Resistance through art

Given the likelihood of armed incursions, therefore, the theatre staff begin each day trying to find out if there is going to be an attack on the camp; Sheta says he needs to know if his audience, his four children – two boys and two girls – his staff and their families will be safe.

It is very difficult to organise regular programmes and he always has to have a plan B. But this is his method of resistance, he says. Indeed, “resistance through art” is the motto of the theatre.

“We also struggle in the fight to free Palestine,” Sheta says. He believes there are many ways to contribute to Palestinian resistance to the Israeli occupation – armed struggle is just one.

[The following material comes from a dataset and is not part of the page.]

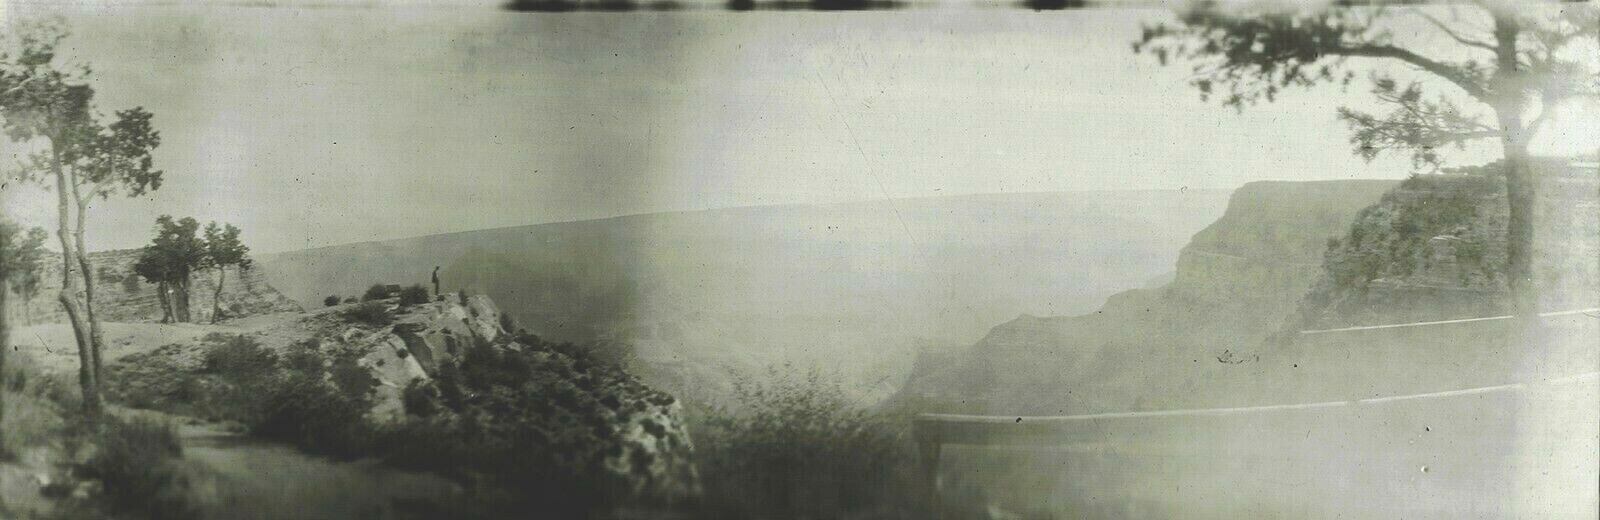 c1905 Grand Canyon Panoramic Photo Negative Man Rim Canyon, Pre National Park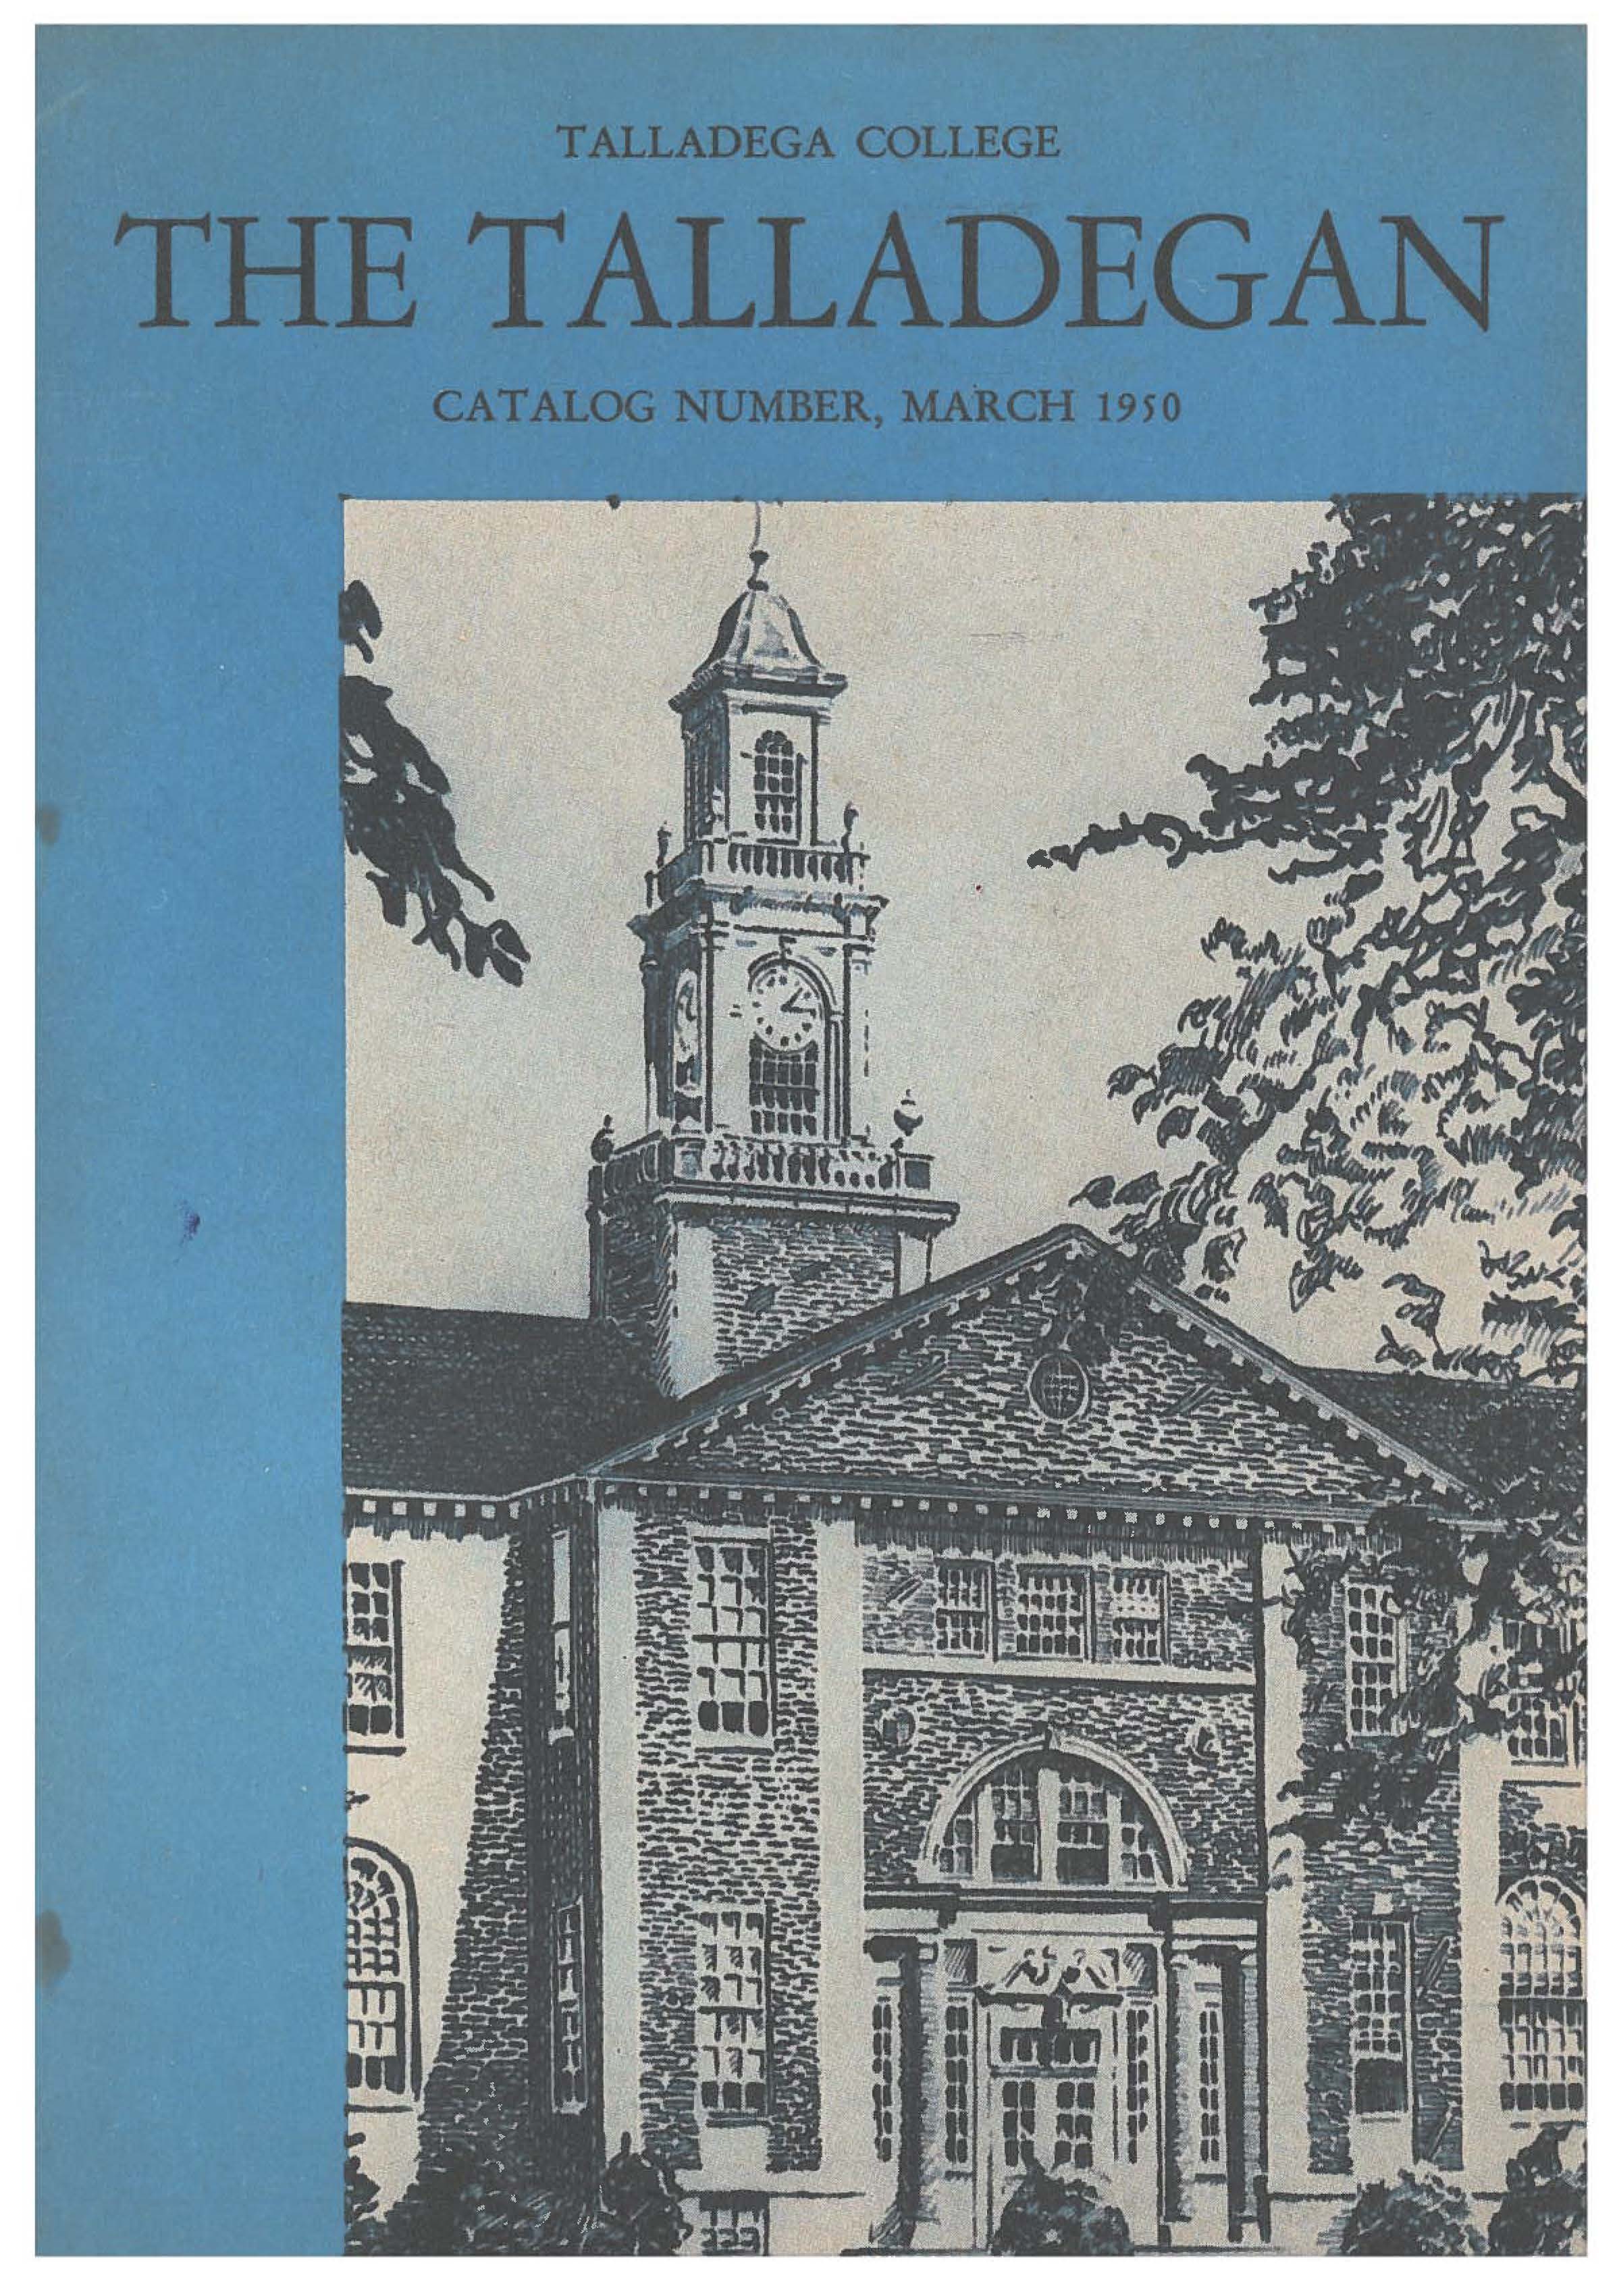 Talladega College Catalog 1950

Sheta considers himself a “cultural fighter” but he has not escaped the effects of violence. His father, a high school teacher, was killed by Israeli troops in 2002 in Jenin just one month before Sheta graduated from college – one of his dreams for his children.

Sheta has also been arrested in the past, and has spent eight months in two Israeli prisons, accused of “inciting violence”. He saw that as an opportunity to learn more about the plight of Palestinian prisoners. “The violence against Palestinians in the West Bank, particularly in Jenin, did not start on October 7,” he says.

Mostly, however, he believes in the importance of preserving Palestinian culture and establishing an identity for his people which goes beyond the occupation. “It is time to invest in Palestinian culture. The struggle has to come with many steps, not only with guns.”